Патруль отправился дальше. Перебирая в памяти разговор с солдатами, я вспомнил с улыбкой два слова, которые прочно вошли в обиход местных жителей: «Товарищ, давай!» Сколько значения вкладывалось в эту короткую фразу. Не завоевателями, не «господами», а именно товарищами были для венгров советские солдаты!

Наша группа остановилась на набережной, над волнами полноводного Дуная. Легко и приятно было дышать чистым прохладным воздухом. Весеннее солнце медленно-медленно поднималось из-за горизонта, и воды реки золотились в его лучах.

Мы любовались Дунаем. Но едва отведешь взгляд, едва посмотришь на город, радостное настроение, вызванное чистым мартовским утром, сразу омрачалось. Вокруг лежали руины. От шести мостов, которые соединяли раньше Пешт с Будой, уцелели только «быки», а арматура взорванных гитлеровцами сооружений лишь кое-где торчала из воды.

Сообщение между двумя частями города было полностью прервано, а это все равно что разрубить пополам живой организм.

Чуя свою гибель, озверевшие фашисты без предупреждения уничтожили все мосты, в том числе самый большой и самый красивый дунайский мост Маргит.

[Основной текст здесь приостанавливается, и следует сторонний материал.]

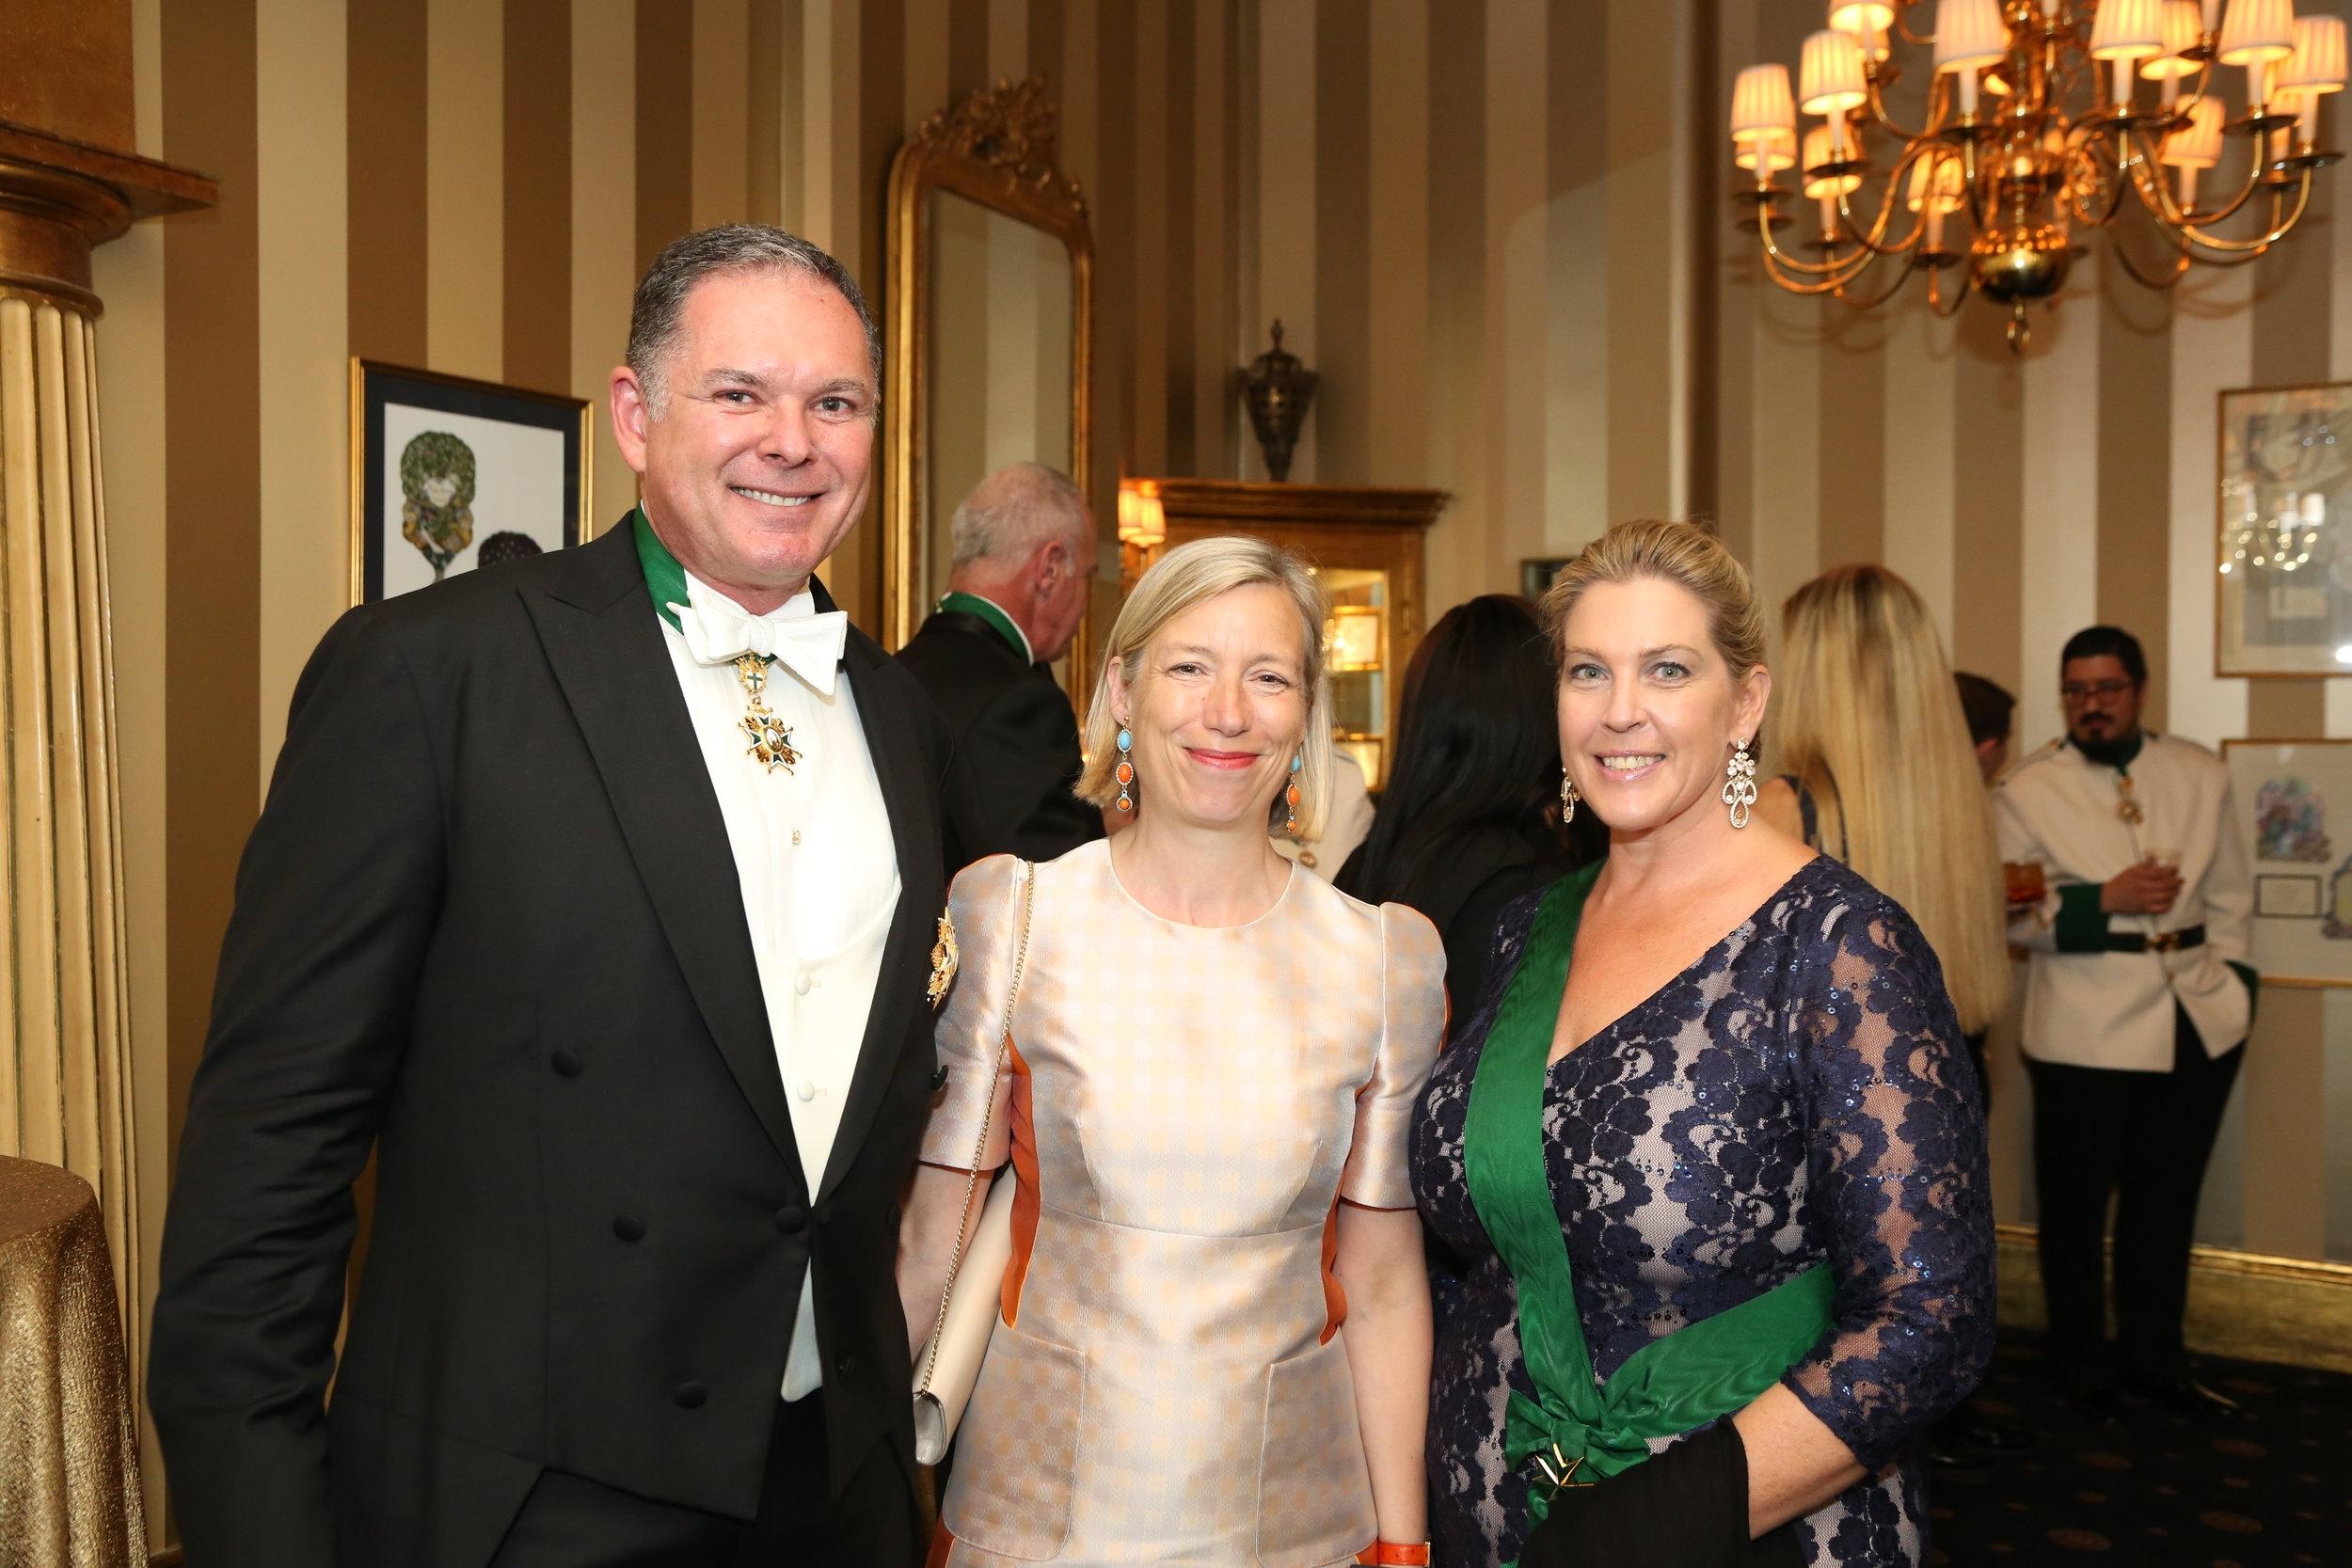 PRINCESS CLOTILDE D'ORLEANS BOURBON FRENCH ROYAL FAMILY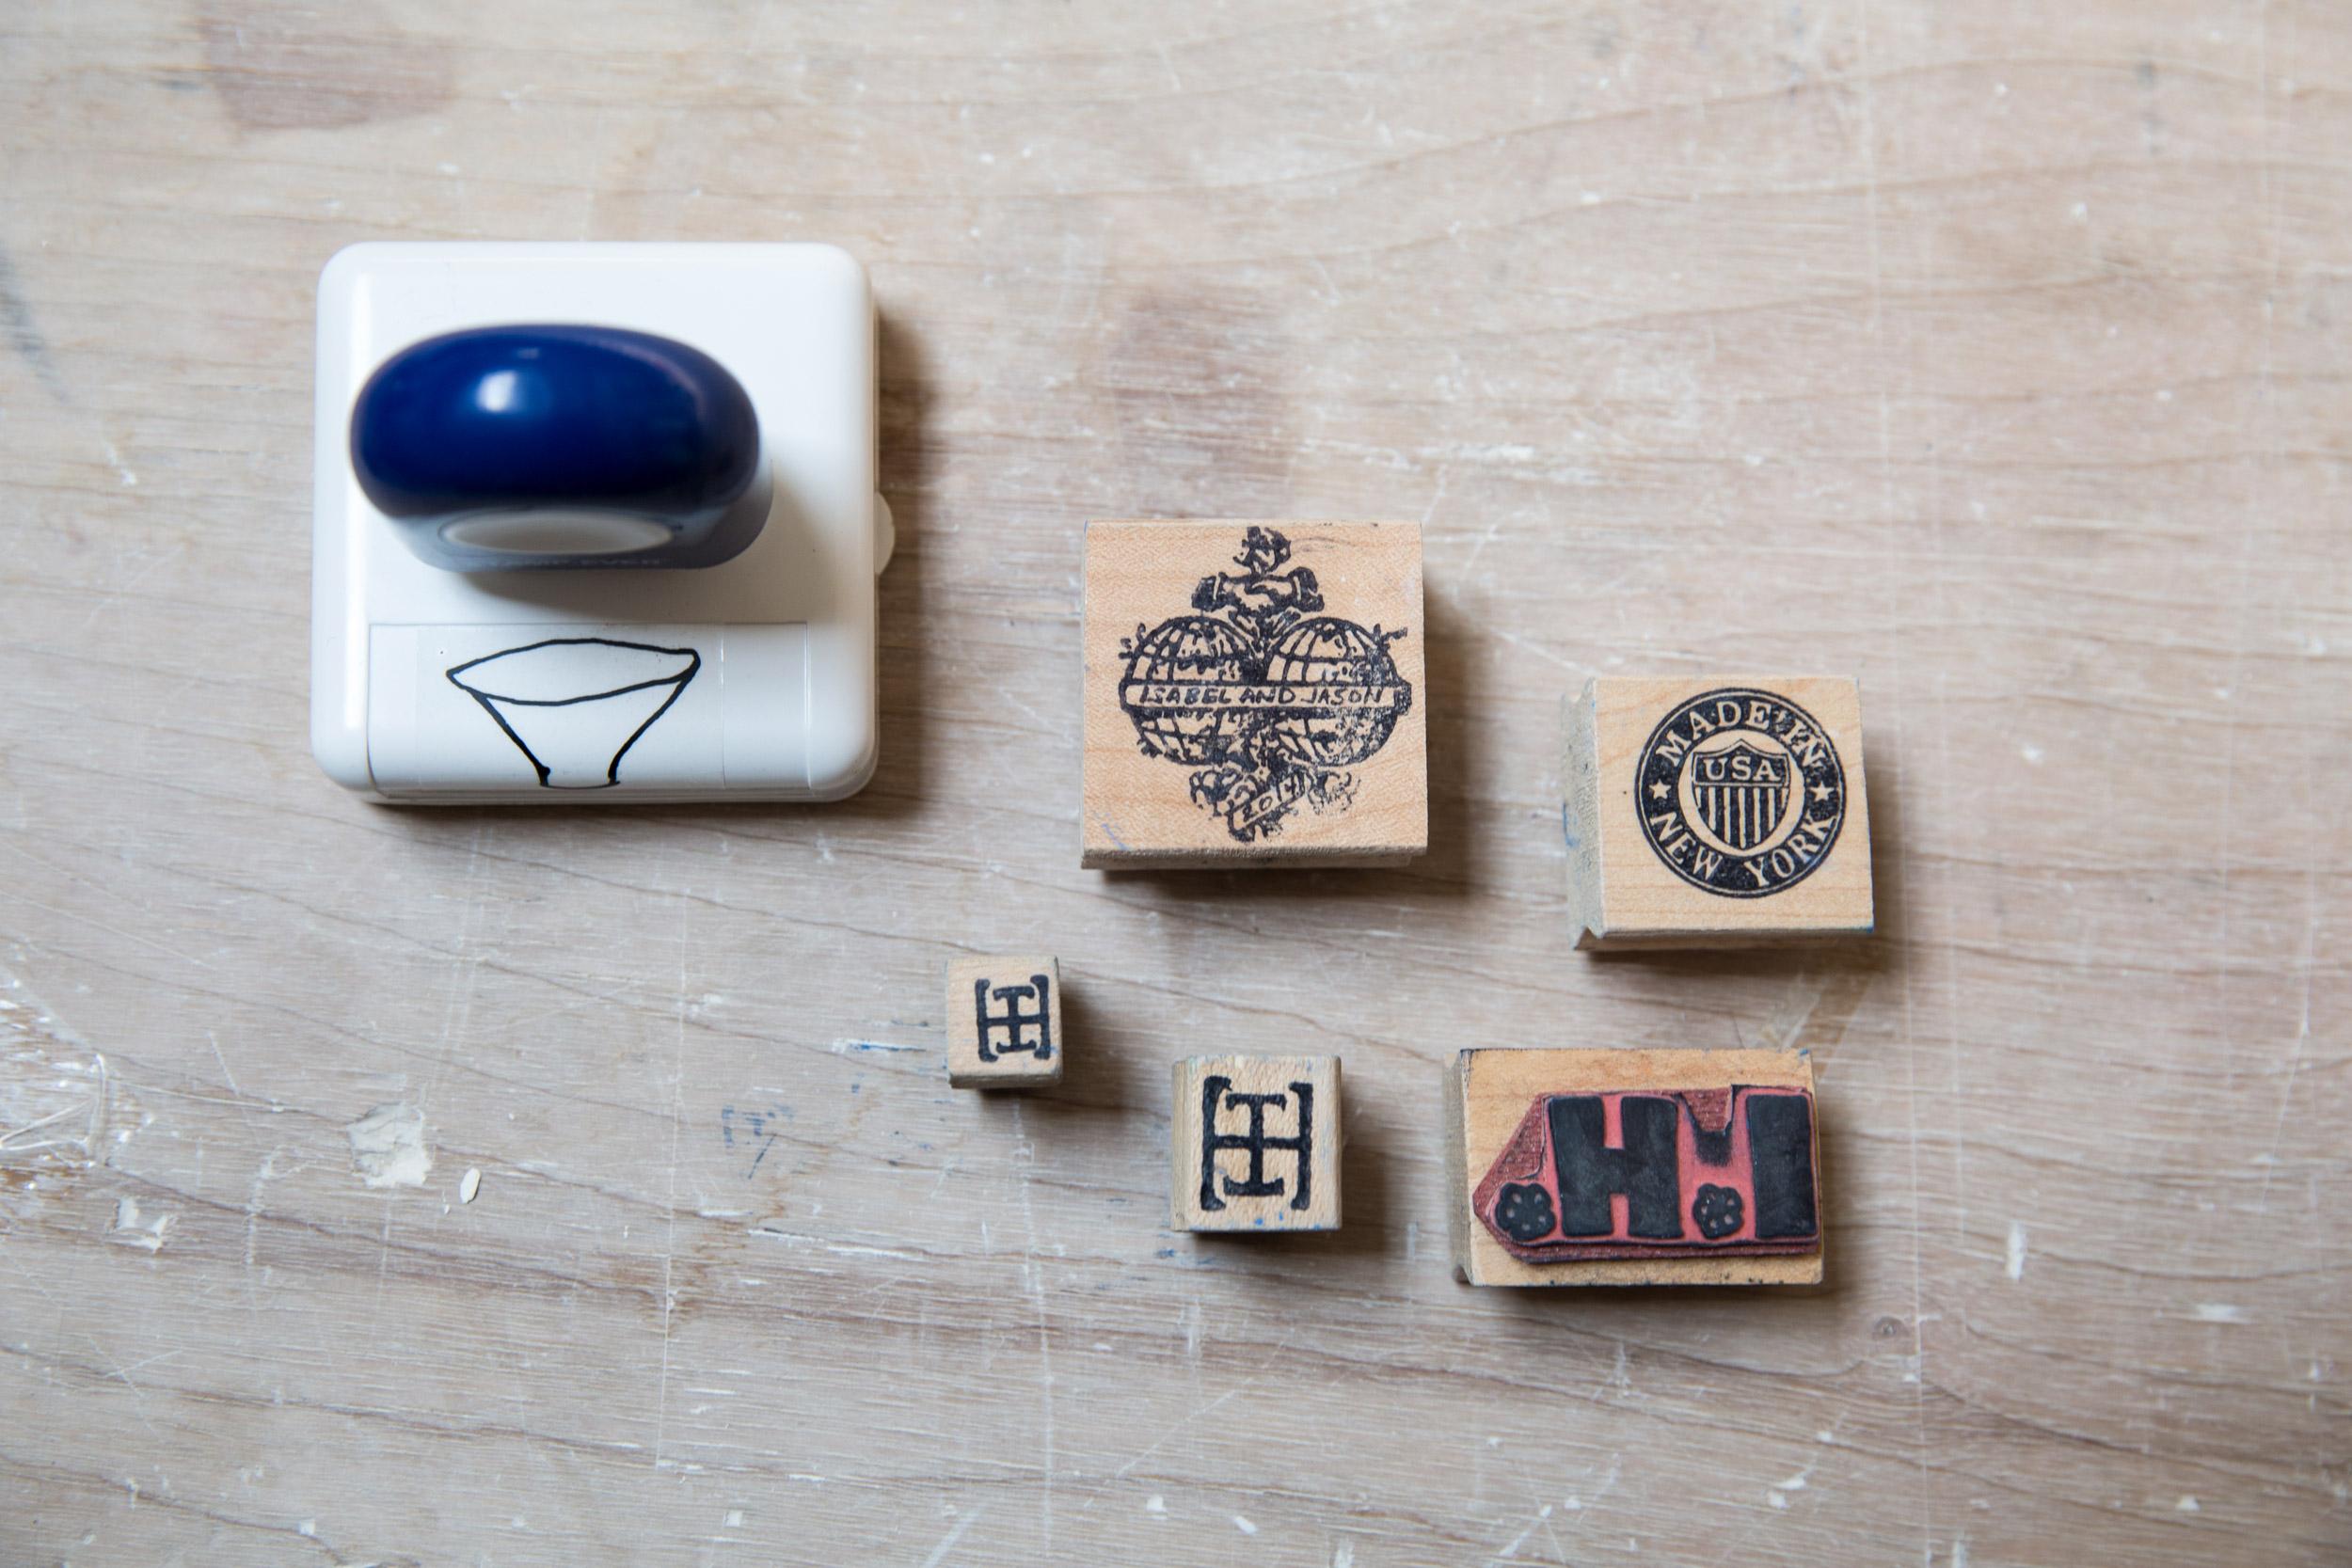 Isabel Halley Ceramics - Featured in Design Sponge

Мощный взрыв прозвучал в тот момент, когда по мосту двигались переполненные трамваи и множество пешеходов. Обломки моста рухнули в реку. Люди полетели в ледяную воду... Хотя наши войска были еще далеко от этого района, гитлеровское командование предпочло оставить без связи с тылом 20000 своих солдат и офицеров, лишь бы мост не достался Советской Армии.

Многие здания в городе были разрушены до основания, все улицы завалены битым кирпичом, кусками бетона и целыми глыбами рухнувших стен. В сохранившихся коробках домов зияли бреши, пробитые снарядами. От руин тянуло запахом гари. Земля изрыта воронками, окопами и траншеями.

Одна из красивейших европейских столиц напоминала не город, а кладбище. Все казалось здесь мертвым: транспорт не работал, людей почти не видно. Часть жителей не успела вернуться из эвакуации, кто погиб, кто продолжал сидеть в укрытиях, боясь выйти на свет. Фашистская пропаганда основательно поработала над тем, чтобы запугать людей. И если до войны в Будапеште и его пригородах насчитывалось около 20% населения страны, то теперь эта цифра резко сократилась.